As an extension of the January article in The O&P EDGE that reflected on trends that impacted the profession over the last decade, “O&P Ten Years Later: Where Are We Now?,” several O&P experts reflect on that period.
David McGill, JD, vice president, reimbursement and compliance, Össur Americas, Foothill Ranch, California: “It’s been a pretty traumatic ten years if you just look at the transformative changes in U.S. healthcare system. We transitioned from the historical system of healthcare in 2009 to the passage of the Affordable Care Act, creation of insurance exchanges, the introduction of essential health benefits, prohibitions on pre-existing conditions, and the elimination of lifetime caps for prosthetics and orthotics. And just as we start to adjust to that new normal, we have the disruption caused by the 2016 election and the attempts to ‘repeal and replace’ the ACA, which introduced an element of uncertainty into the entire health insurance marketplace.
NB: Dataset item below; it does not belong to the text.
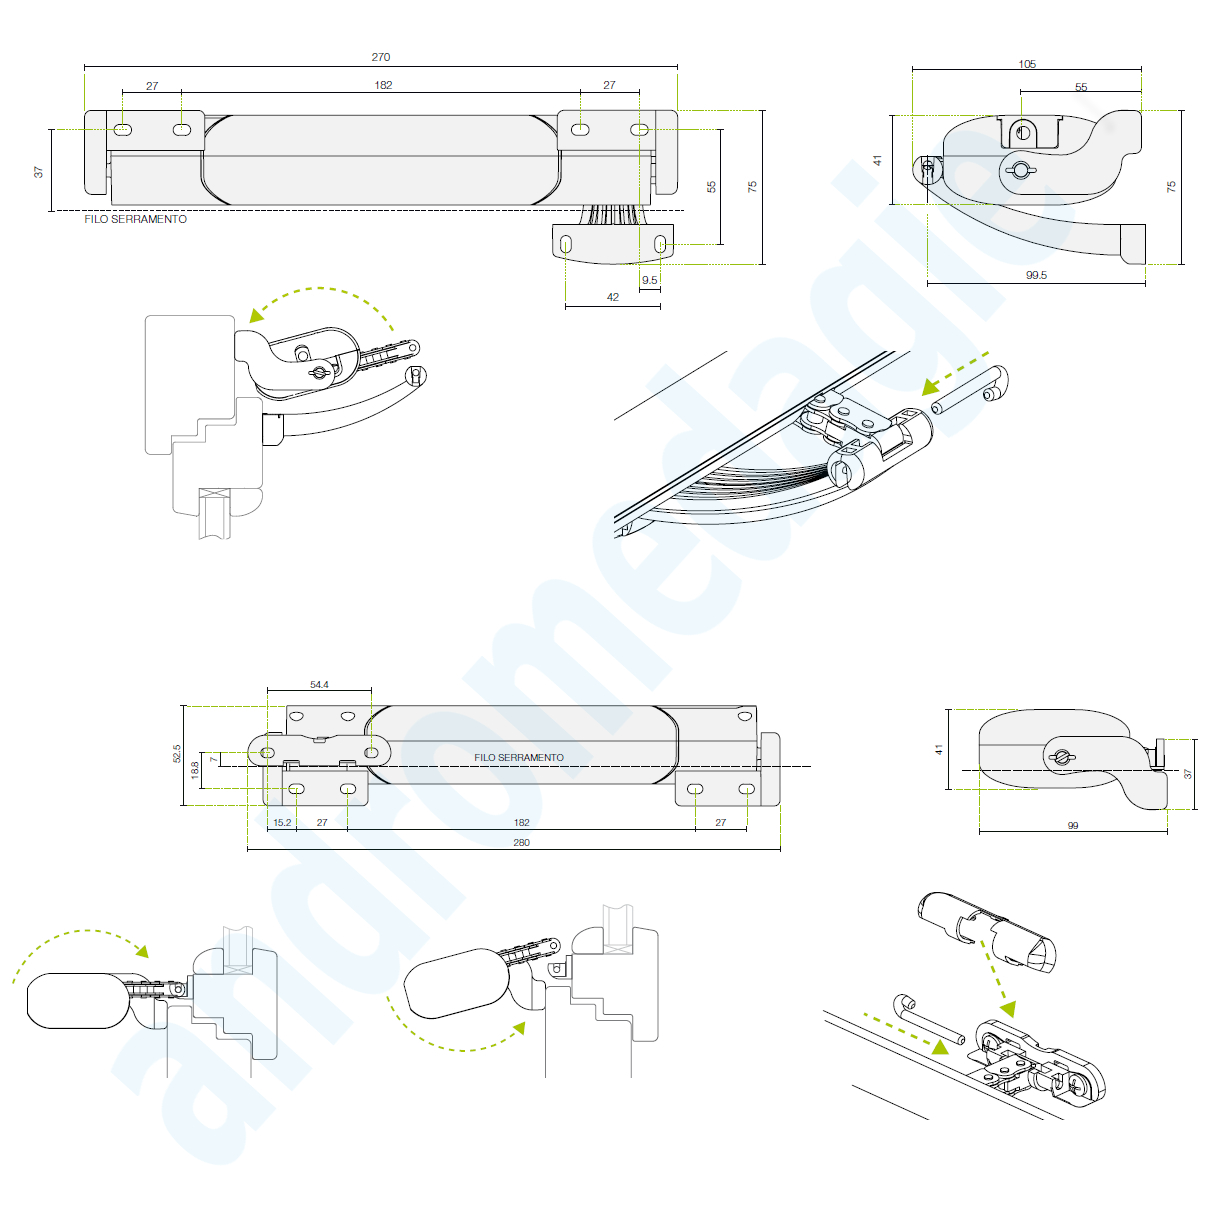 SMART 230V BIANCO MOWIN Motore a catena per finestre

On the positive side, over the last decade we’ve seen a huge decrease in the number of uninsured individuals, which has improved patients’ access to O&P benefits overall.”
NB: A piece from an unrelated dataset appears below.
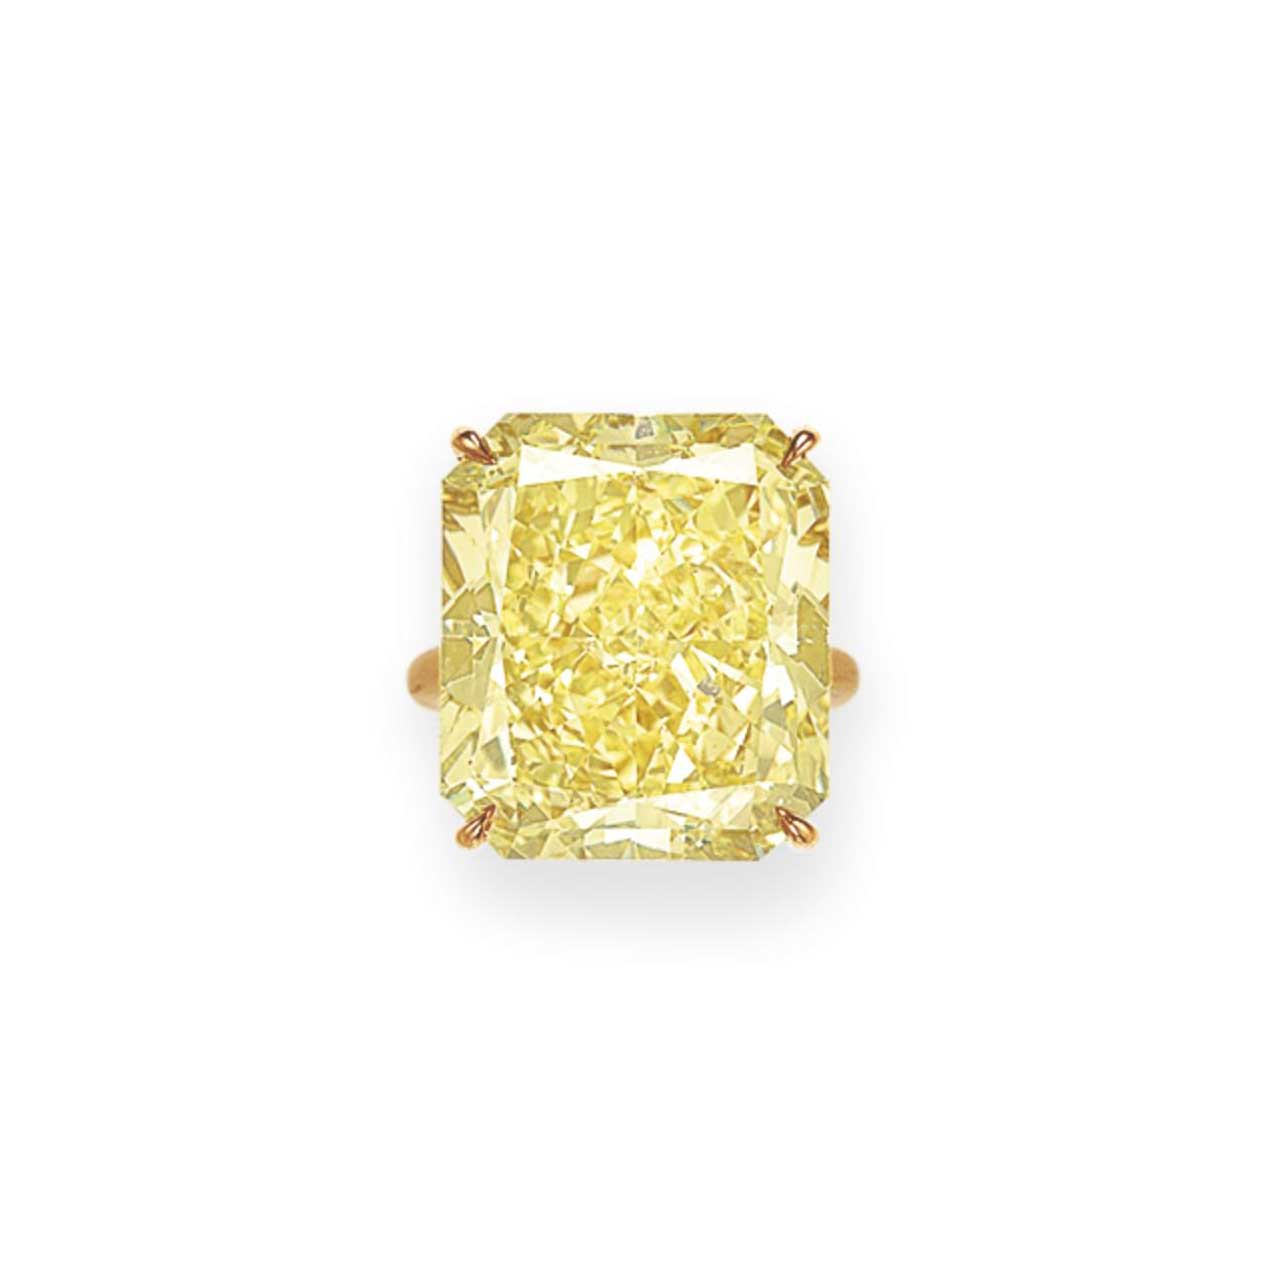 AN IMPRESSIVE COLORED DIAMOND RING

The uncertainty and marketplace confusion that developed in 2016 created instability, which is never a good thing. But, says McGill, “the actual impact has been less significant than most of the doomsayers predicted. In fact, the last few years have proven that the Affordable Care Act, whether you like it or not—and assuming it survives the current Supreme Court challenge—is probably more firmly entrenched than people initially thought it was.”
Kevin Carroll, MS, CP, FAAOP(D), vice president of prosthetics, Hanger Clinic, headquartered in Austin, Texas: “We are well on the way to having the paperless clinic become a reality. Clinics across the nation are rapidly becoming paperless with data entry and retrieval more streamlined. This results in making life easier for clinicians, administrators, and especially the patient, who no longer has to fill out as much documentation when they come into a clinic.”
Vinit Asar, CEO, Hanger Inc.: “Electronic health records (EHR) and electronic practice management (EPM) are a must today, however, there is also a high risk of failure if not implemented correctly. It’s not simply about implementing a paperless system, it’s also about significantly revamping the work flow and processes within a clinic so you can take advantage of the paperless environment and streamline the delivery of patient care. In addition to our EHR and EPM implementations, we have begun removing the administrative burden from our clinics by consolidating certain functions so that teams within our clinics can be focused on patient care. We believe that is a necessary step in the evolution of how O&P care is delivered to patients.
“Competitive bidding will likely affect services that include off-the-shelf products at some point and will probably force the delivery of these services to be completely re-engineered. The economics of some of our O&P services will not be viable in the traditional manner that we have provided care, especially in the off-the-shelf orthotics category.”
Michelle Hall, MS, CPO, FAAOP(D), Gillette Children’s Specialty Healthcare, St. Paul, Minnesota, believes that the answer to many of the challenges that face today’s clinicians lies in a simple change of verbiage. “Ten and 20 years ago, people used the term ‘industry’ a lot. I think those of us who have been educated since then refer to it as our ‘profession.’ Clinicians providing patient care work in the O&P profession; manufacturers serve the O&P industry. That’s a nuance difference that’s incredibly important when we’re talking about the image of our profession. As we name ourselves, so will others see us.
“Those of us who are highly involved in our profession outside of just the workplace are very sensitive to the use of ‘industry’ versus ‘profession’—and I don’t know that people 20 years ago would have been.”